Unlike other aio cursors (Arrow/Pandas/Polars) that load data eagerly, AthenaS3FSResultSet lazily streams rows from S3 via a CSV reader. Therefore:

Result set creation: asyncio.to_thread(AthenaS3FSResultSet, ...)
Fetch methods: async via asyncio.to_thread(result_set.fetch*, ...) — reads from S3 on each call
No UNLOAD support (consistent with sync S3FSCursor)

Part 3: `AioSparkCursor`

New pyathena/aio/spark/cursor.py — async PySpark code execution.

Inherits from SparkBaseCursor and WithCalculationExecution directly (no intermediate base class — aio only has one Spark cursor variant)
Post-init I/O methods (_poll, _cancel, _terminate_session, _read_s3_file_as_text, _calculate) overridden with async equivalents
Session management stays synchronous in __init__ (runs inside asyncio.to_thread at cursor creation)
_read_s3_file_as_text uses async_retry_api_call for retry consistency with sync version

Additional changes

Removed on_start_query_execution callback from all aio cursors — unnecessary in async context where await provides direct control flow.

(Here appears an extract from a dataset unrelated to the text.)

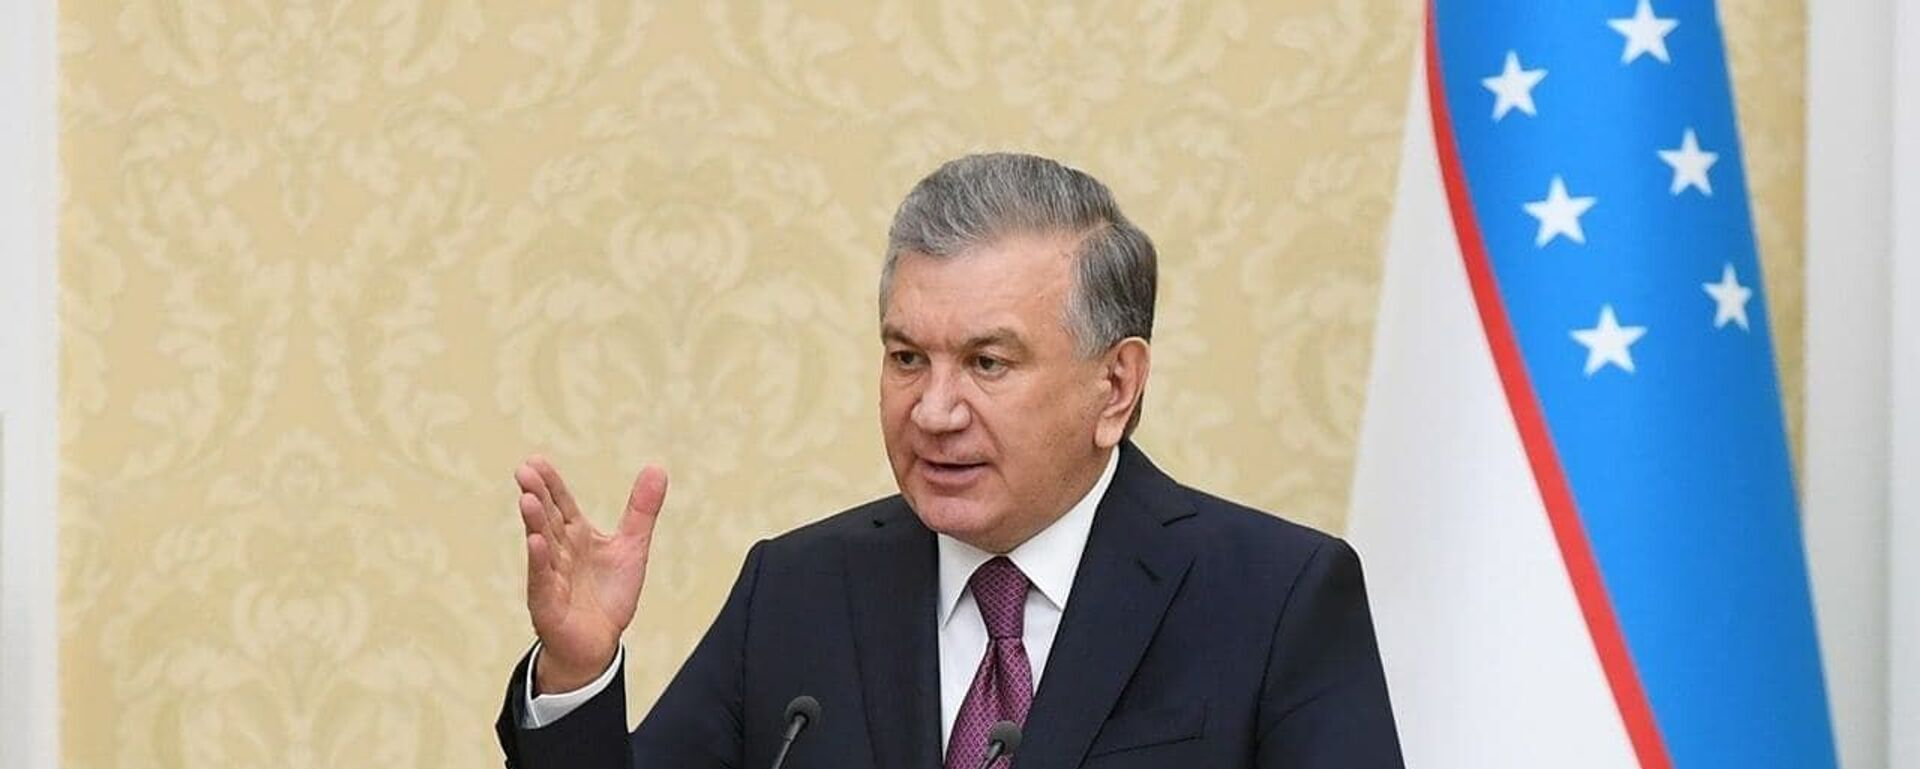 Президент Узбекистана Шавкат Мирзиёев - Sputnik Таджикистан, 1920, 11.12.2020

Consistent with AsyncCursor which also omits this callback.

Class hierarchy

BaseCursor
  └─ AioBaseCursor (async I/O: _execute, _poll, _cancel, metadata)
      └─ WithAsyncFetch (properties, close, cancel, sync fetch, async protocol)
          ├─ AioCursor / AioDictCursor     — async fetch (paginated API)
          ├─ AioPandasCursor               — eager load, as_pandas()
          ├─ AioArrowCursor                — eager load, as_arrow(), as_polars()
          ├─ AioPolarsCursor               — eager load, as_polars(), as_arrow()
          └─ AioS3FSCursor                 — lazy streaming, async fetch

SparkBaseCursor + WithCalculationExecution
  └─ AioSparkCursor (async calculation I/O, session, stdout/stderr)

Files changed

Action	File	Description
Modify	`pyathena/aio/common.py`	Add `WithAsyncFetch` mixin
Modify	`pyathena/aio/cursor.py`	Extend `WithAsyncFetch`, remove boilerplate
Modify	`pyathena/aio/pandas/cursor.py`	Extend `WithAsyncFetch`, remove boilerplate
Modify	`pyathena/aio/arrow/cursor.py`	Extend `WithAsyncFetch`, remove boilerplate
Modify	`pyathena/aio/polars/cursor.py`	Extend `WithAsyncFetch`, remove boilerplate
Create	`pyathena/aio/s3fs/__init__.py`	Package marker
Create	`pyathena/aio/s3fs/cursor.py`	`AioS3FSCursor`
Create	`pyathena/aio/spark/__init__.py`	Package marker
Create	`pyathena/aio/spark/cursor.py`	`AioSparkCursor`
Modify	`tests/pyathena/aio/conftest.py`	Add s3fs + spark fixtures
Create	`tests/pyathena/aio/s3fs/`	S3FS cursor tests
Create	`tests/pyathena/aio/spark/`	Spark cursor tests
Modify	`tests/pyathena/aio/test_cursor.py`	Remove callback test

Test plan

make fmt — formatting clean
make chk — lint + mypy clean
All existing aio tests pass (no regressions from Phase 2)
New AioS3FSCursor tests: fetchone/many/all, async iterator, description, cancel, executemany, arraysize, context manager
New AioSparkCursor tests: spark_dataframe, spark_sql, failed, cancel, executemany, context manager

Related issues

Closes Add native asyncio cursor support (AioCursor) #662 (native asyncio cursor support)
Related: Extract shared boilerplate from sync cursors into WithFetch mixin #669 (sync cursor deduplication — same pattern, separate PR)
Related: Extract shared UNLOAD and execute() control flow into helper methods #670 (UNLOAD/execute() control flow deduplication)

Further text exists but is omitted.